◆ **Exercise details**: Beginning with the line that contains "New Jaguar F-Type", retype the entries below exactly, ending with the line that contains "Ice Cream Scoop". Leave out any pictures.

◆ **Material supplied**:
★ ★ ★ ★

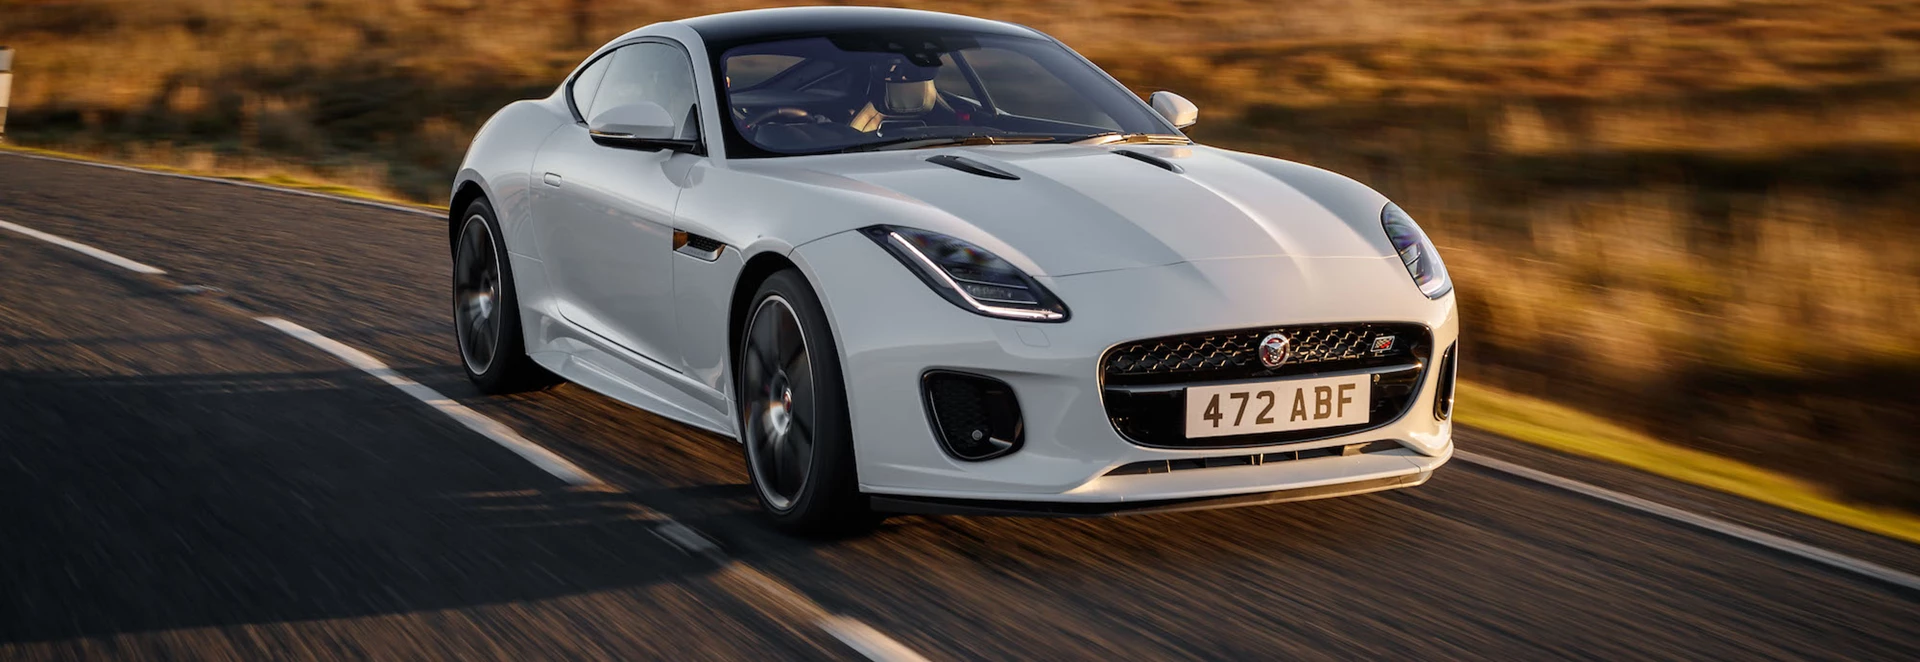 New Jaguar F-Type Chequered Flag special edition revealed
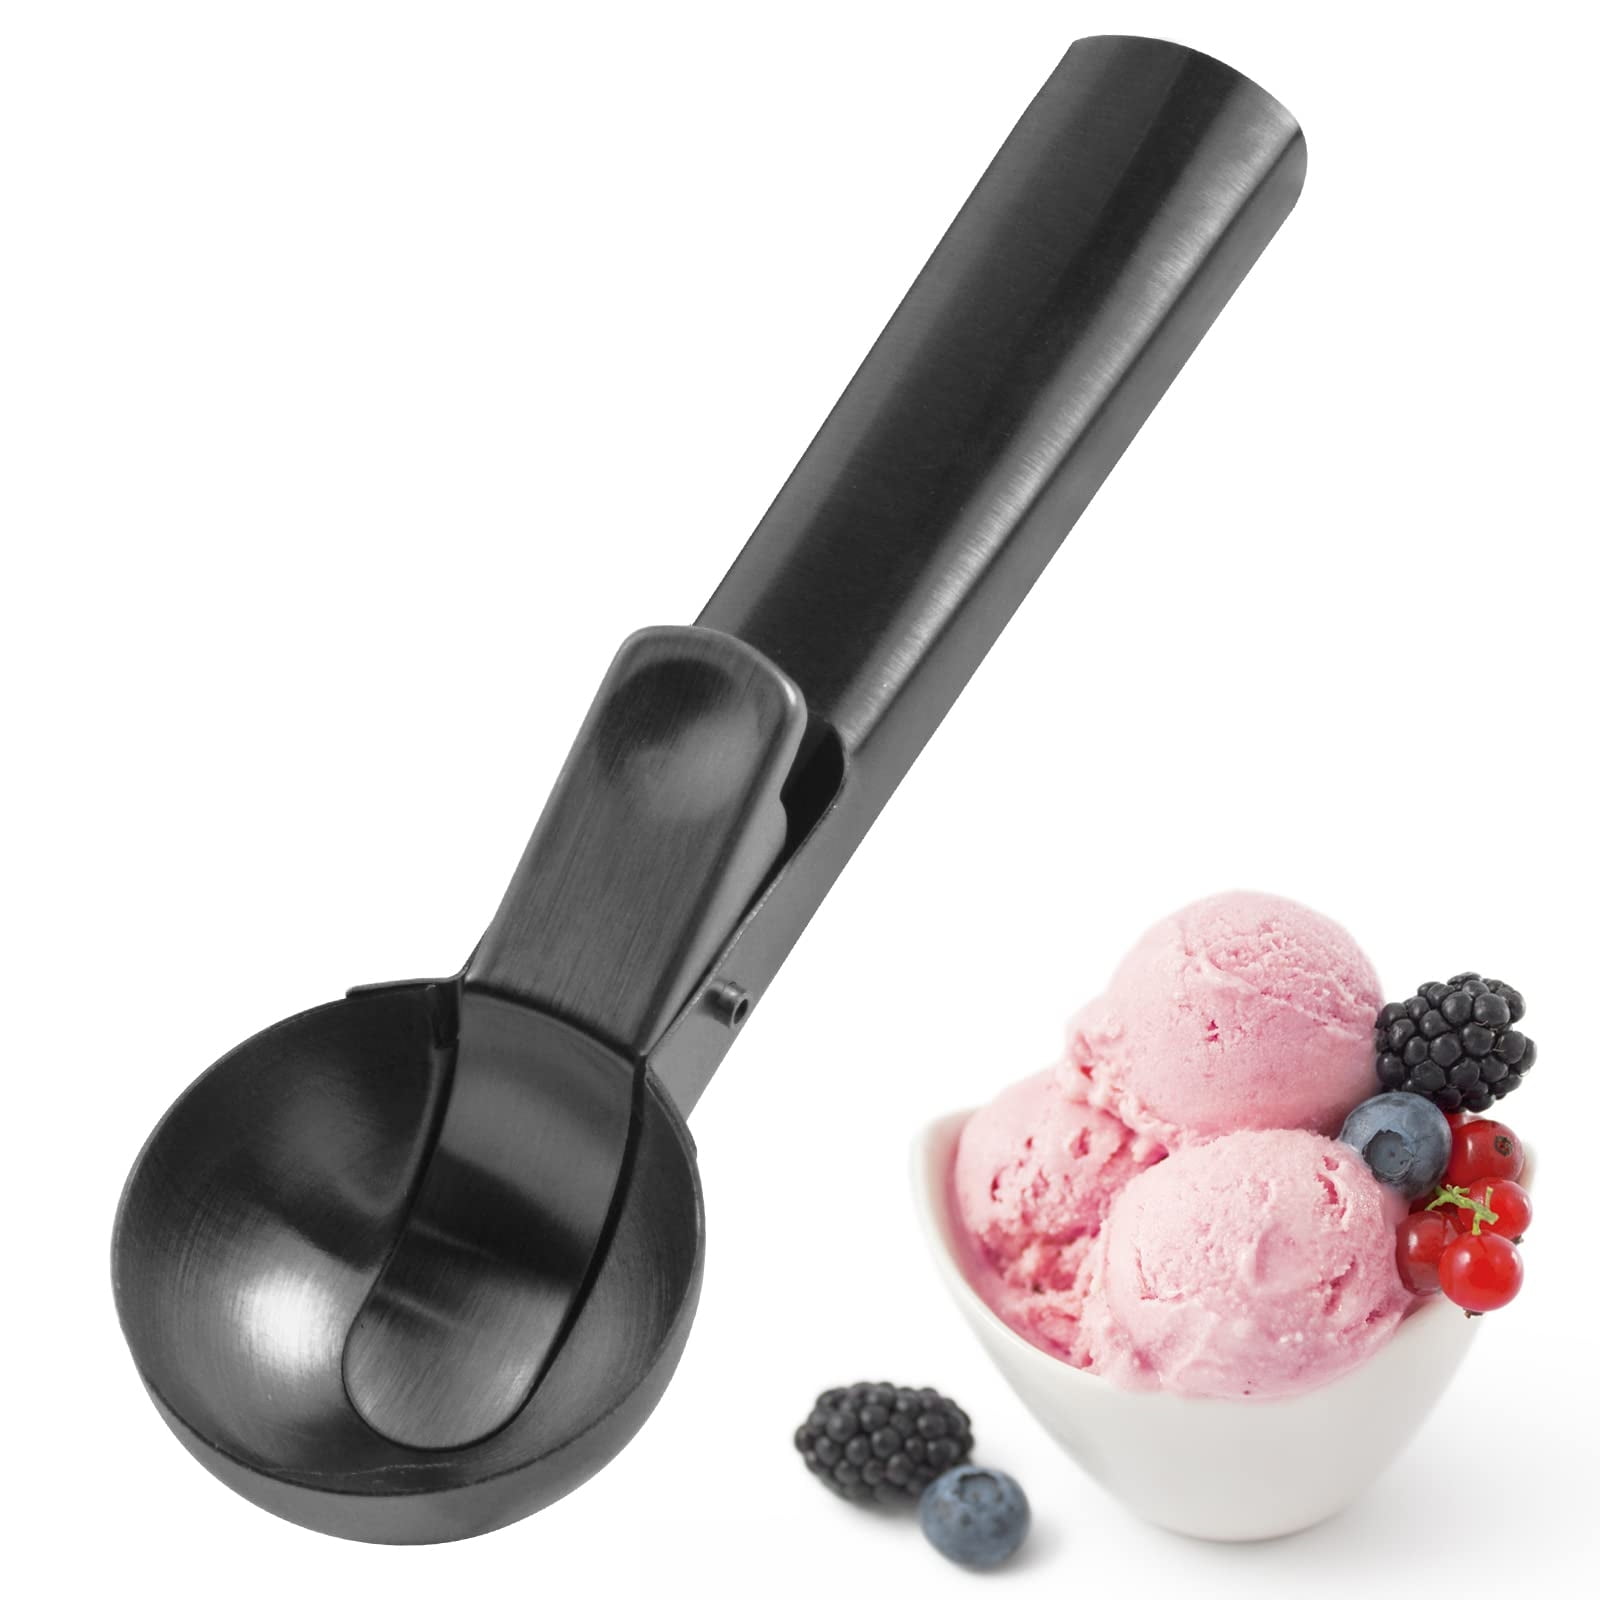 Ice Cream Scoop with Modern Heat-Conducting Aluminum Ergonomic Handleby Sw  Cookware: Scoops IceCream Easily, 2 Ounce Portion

★ ★ ★ ★

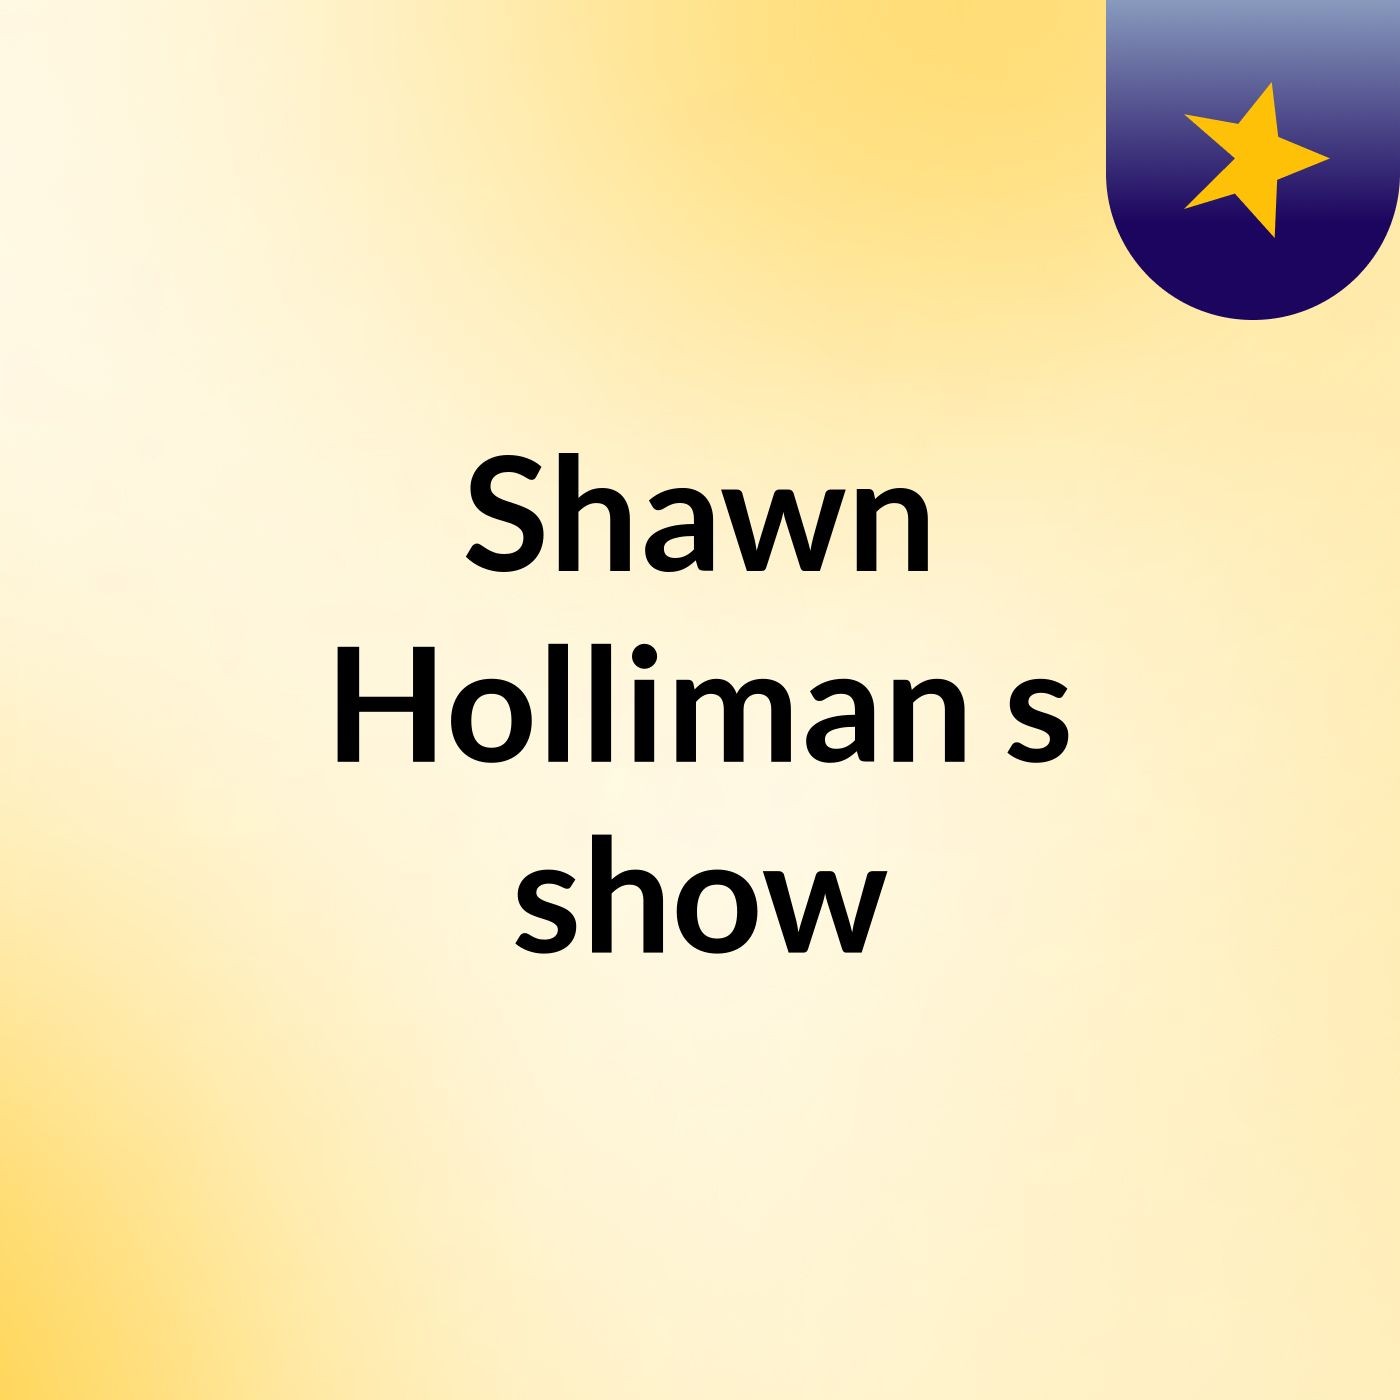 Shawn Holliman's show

★ ★ ★ ★

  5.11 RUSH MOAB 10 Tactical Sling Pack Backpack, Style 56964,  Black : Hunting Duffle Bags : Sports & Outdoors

★ ★ ★ ★

◆ **Solution to the exercise**:
 New Jaguar F-Type Chequered Flag special edition revealed
 Ice Cream Scoop with Modern Heat-Conducting Aluminum Ergonomic Handleby Sw  Cookware: Scoops IceCream Easily, 2 Ounce Portion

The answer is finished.